После разговора с Орной Авраам закурил на ступеньках, ведущих в участок, – он так долго не держал сигареты во рту!
Этот разговор с мамашей расстроил его. Он стал думать о ее малыше, которого закрывают в туалете без права на выход. И о сыне Сары. О его синяках и о ссадине на лбу. Опасения, связанные с Хавой Коэн, все больше перерастали в отвращение, и инспектору надо было напомнить себе, что ловить в западню следует не ее, а того, кто подкинул чемодан. Но, может, следует получить разрешение у Сабана и начать уголовное дело также и против этой воспиталки?
И тут еще эта утренняя встреча со Шрапштейном, который как ни в чем не бывало уселся рядом с ним в зале заседаний! Будто при последнем расследовании ничего и не случилось. И его улыбочка, когда Авраам напомнил про угрозу по телефону и попросил отнестись к этому расследованию как к чрезвычайно срочному делу. С этой их встречи инспектор чувствовал в себе взвинченность, которую пытался подавить.
* * *
Сдержаться Авраам не сумел. Если б он поговорил с Марьянкой, она уж точно уговорила бы его этого не делать, но Марьянка уехала к родителям, и они договорились, что созвонятся только вечером, когда она вернется. Услышав в трубке женский голос, инспектор только и сказал:
– Илана.
– Привет, Ави, как дела? – отозвалась Лим. – Как прошли праздники?
Авраам постарался говорить так, чтобы его слова звучали небрежно:
– Погоди чуток. У тебя есть минутка времени? Я хотел кое о чем спросить…
Несколько дней назад ему казалось, что в полиции нет человека, которому он доверял бы больше. Это была Илана Лим, принявшая его в отдел расследований, направлявшая его первые шаги, обучившая его почти всему, что он знал и умел. Если был на свете кто-то, от кого он ничего не утаивал, то это она. Авраам сказал, что случайно узнал про отчет, который она написала по поводу дела Офера Шараби, но не спросил, почему она не сказала ему об этом отчете и почему не послала ему копию. Илана помолчала, потом тихо ответила:
– Да, я написала отчет. Ты ведь знаешь, что когда это дело взорвалось, оно наделало много шума, и посыпались вопросы.
В ее голосе не было смущения, но она не сразу ответила на вопрос инспектора, может ли он прочитать этот отчет. В конце концов Илана сказала:
– Мне не положено это делать. Но я его тебе пошлю. Это нормально.
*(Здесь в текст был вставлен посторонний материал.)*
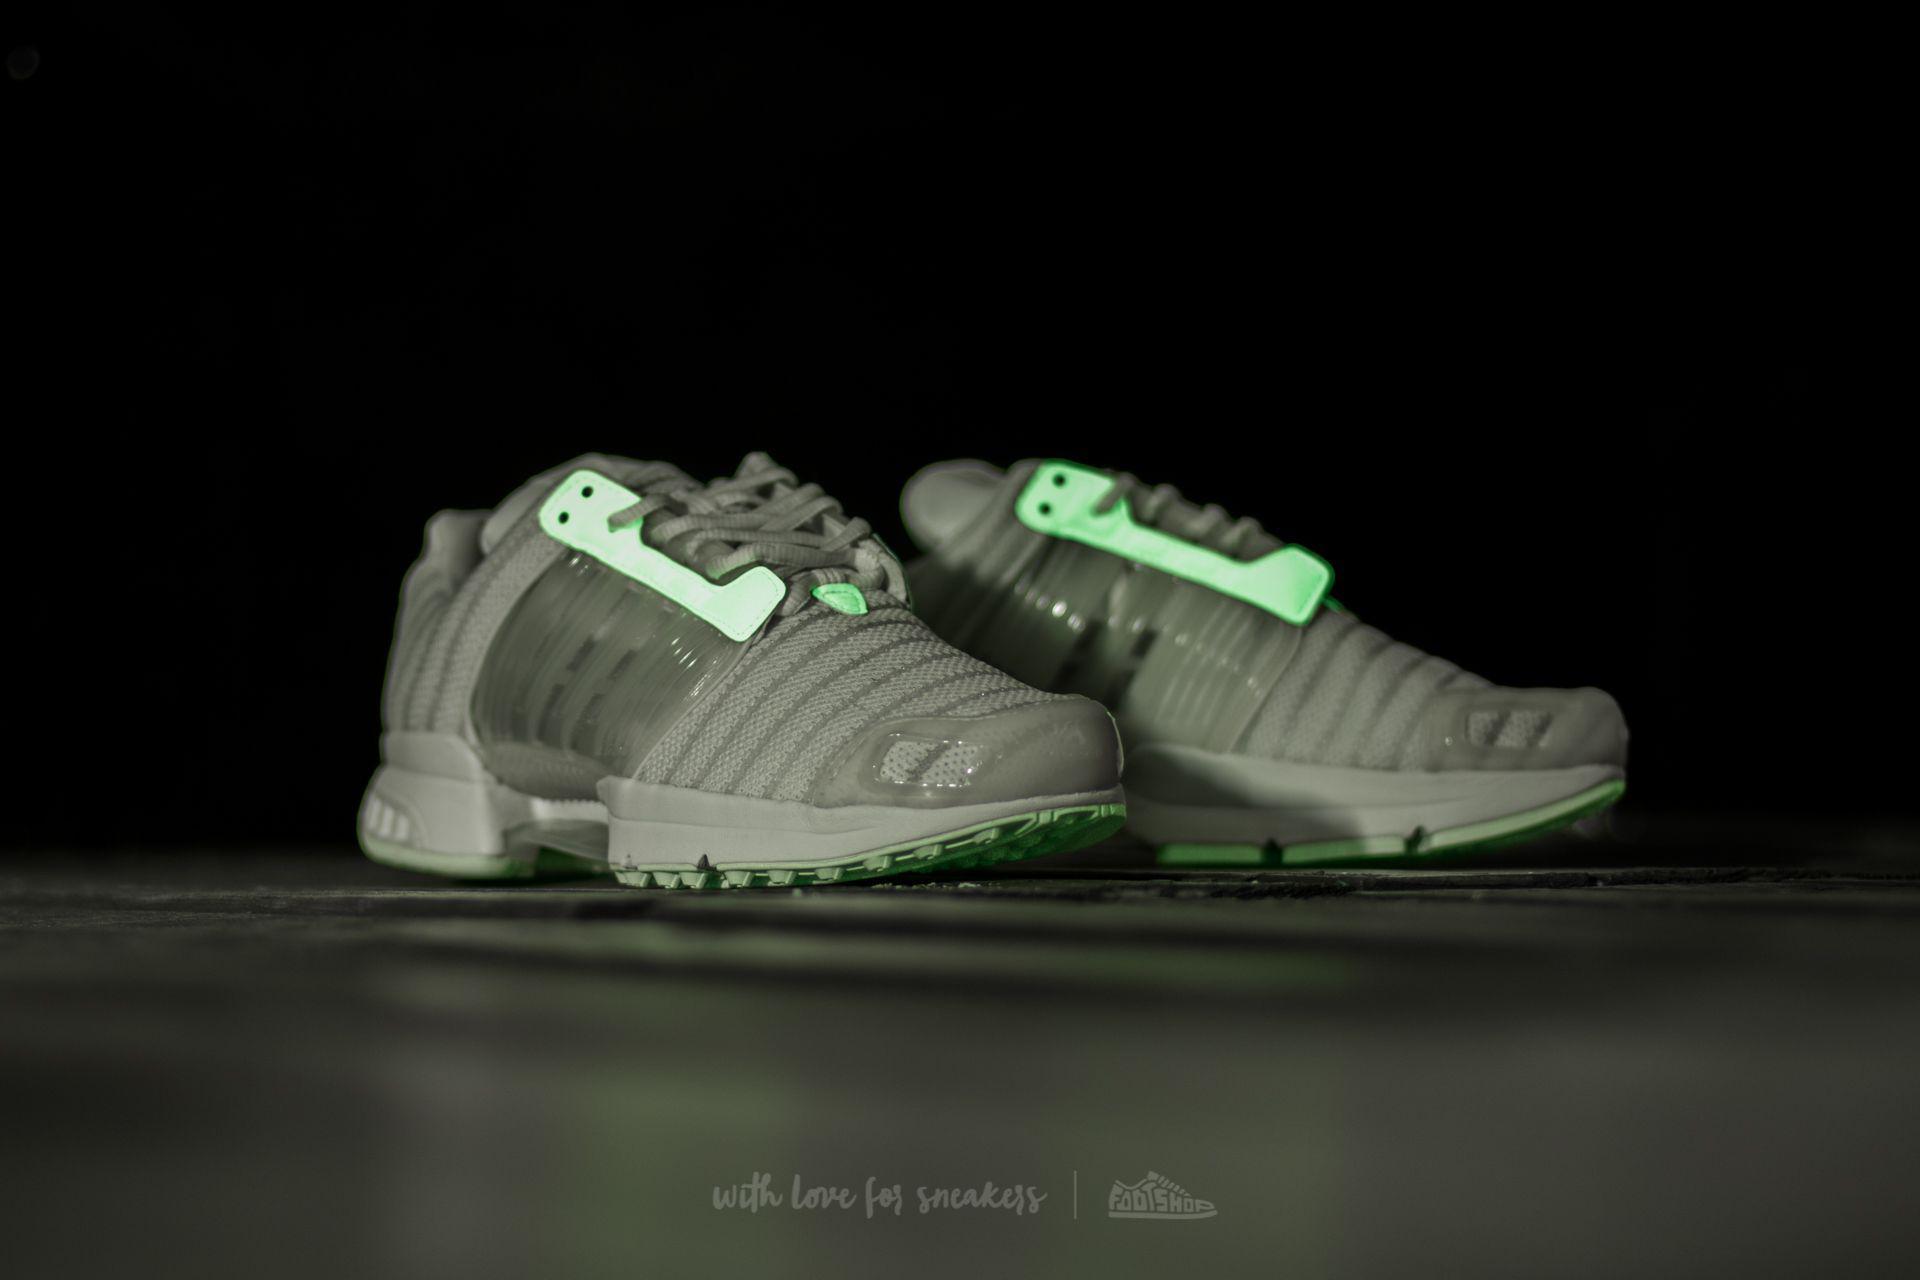 5629e9e4eb29 Lyst - adidas Originals Adidas Consortium X Sneakerboy X Wish ...

Но мне хочется, Ави, чтобы ты, как прочтешь его, поговорил со мной. Я тебя знаю. И не хочу, чтобы ты исчез, не сказав ни слова.
Он тут же вернулся к себе в кабинет, открыл почту и прочел свои записи по допросу Сары и резюме разговора с Натали Пинхасовой, состоявшегося в канун праздника. Когда они запустят расследование об издевательствах над детьми в садике, Натали пойдет первой. И Авраам не сомневался, что она будет с ними сотрудничать. Его глаза остановились на фразе, которую девушка произнесла, говоря о прежней помощнице – что та уволилась за несколько дней до начала года. Может, ей известны еще какие-то детали по поводу того, что происходит в садике?
В полпятого инспектор позвонил Пинхасовой и поймал ее в автобусе по дороге домой. Услышав его голос, девушка испугалась, а как звали предыдущую помощницу, она не знала.
– У меня к вам еще вопрос, – сказал полицейский. – По поводу женщины, которая позвонила в садик в тот день, когда туда подбросили чемодан. Не помните, у нее был акцент?
Этого Пинхасова точно сказать не могла.
– Акцента вроде не было, – проговорила она. – Русского акцента? Кажется, нет. Хотя, может, что-то такое и было…
Внезапно Аврааму пришла в голову новая мысль.
– А сегодня вы не заметили ничего необычного? – спросил он.
– Да нет, – ответила Натали. – Была на улице полицейская машина, но ничего такого вроде не случилось.
– Если произойдет что-то особенное, пожалуйста, поставьте меня в известность, договорились? Любая мелочь. Мне важно знать, не заговорила ли с вами Хава Коэн про эту угрозу по телефону, не упомянул ли кто-то из родителей про взывчатку, ладно? И сообщите мне, пожалуйста, не перестали ли приводить кого-то из детей в садик, не заметили ли вы поблизости кого-то подозрительного – все, что покажется вам необычным.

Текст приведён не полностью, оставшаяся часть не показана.